I learn the solution from @mlaw0.
He used BFS, so I use DFS. The runtime is almost the same.
But I think BFS is more suitable in this case, bc we don't have to go down that deep.

we know if a/b=2, b/c=3, then
1. b/a=1/2, c/b=1/3 [2]
2. a/c=2*3, becasue (a/b)*(b/c)=a/c=2*3
we can build graph: a->(b, 2), b->(c, 3).
a->(b, 2) means a-->2-->b
b->(c, 3) means b-->3-->c
so if we need a/c, we are finding a-->?-->c, which is a-->2-->b-->3-->c, which is a-->2*3-->c

first we build the graph [0]
for every query, we find from the starting point (n1) itself [1]
in the stack is the next thing we want to check if it is n2
we keep on pushing neighbor or neighbor's neighbor to the stack until we find n2 [3]

to prevent we visit the visited node we use a set to keep track [4]

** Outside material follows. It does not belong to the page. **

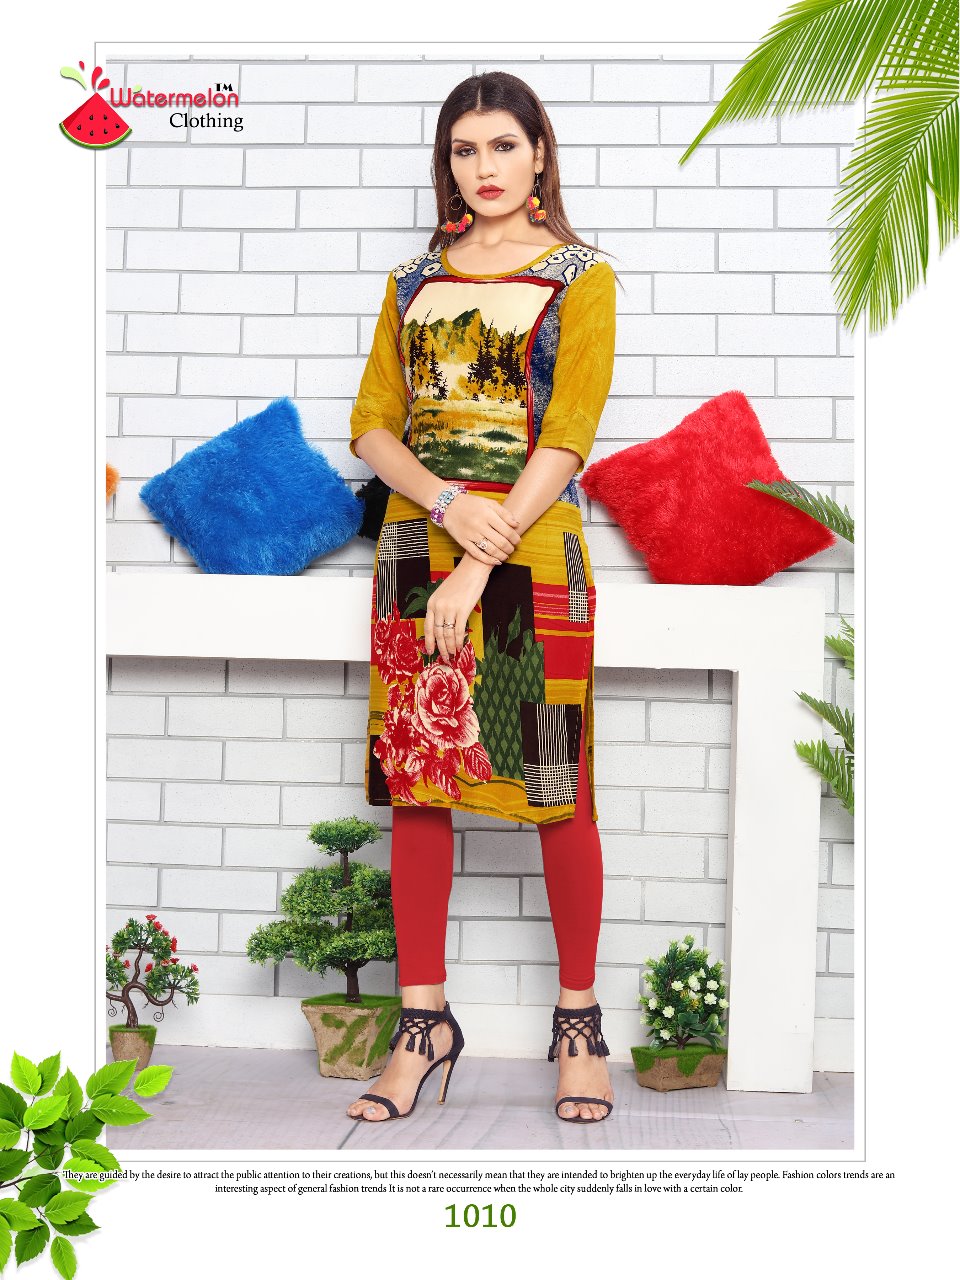 Kiss Miss Vol-4 By Watermelon 1001 To 1010 Series Stylish Colorful Fancy Beautiful Casual Wear & Ethnic Wear Heavy Rayon Printed Kurtis At Wholesale Price

we can further optimize the answer by updating the graph at the same time
bc it is not likely that we build the graph for a single search [5]
"""
class Solution(object):
    def calcEquation(self, equations, values, queries):
        def findVal(query):
            n1, n2 = query
            if n1 not in graph or n2 not in graph: return -1.0
            
            stack = [(n1, 1.0)] #[1]
            visited = set() #[4]
            
            while stack:
                n, val = stack.pop()
                visited.add(n)
                if n==n2:
                    return val
                else:
                    for nb, nb_val in graph[n]: #nb means neighbor
                        if nb not in visited:
                            stack.append((nb, nb_val*val)) #[3]
                            if n!=n1: graph[n1].append((nb, nb_val*val)) #[5]
            return -1.0
            
        def addEdge(n1, n2, val):
            if n1 in graph:
                graph[n1].append((n2, val))
            else:
                graph[n1] = [(n2, val)]
        
        #[0]
        graph = {}
        for (n1, n2), val in zip(equations, values):
            addEdge(n1, n2, val)
            addEdge(n2, n1, 1/val)

        return [findVal(query) for query in queries]


from collections import defaultdict

class Solution(object):
    def calcEquation(self, equations, values, queries):
		#using DFS
        def find_val(n1, n2):
            if n1 not in graph or n2 not in graph: return -1
            if n1==n2: return 1
            if n2 in graph[n1]: return graph[n1][n2]
                
            stack = [(n1, 1)]
            visited = set()
            
            while stack:
                n, v = stack.pop() #v is the val of n1/n
				
                if n in visited: continue
                visited.add(n)
                
                if n==n2:
                    graph[n1][n2] = v
                    return v
                
                stack.extend([(next_n, v*graph[n][next_n]) for next_n in graph[n]])
            return -1
        
        #build graph
        graph = defaultdict(dict)
        for i, v in enumerate(values):
            n1, n2 = equations[i][0], equations[i][1]
            graph[n1][n2] = v
            graph[n2][n1] = 1/v
        
        ans = []
        for n1, n2 in queries:
            ans.append(find_val(n1, n2))
            
        return ans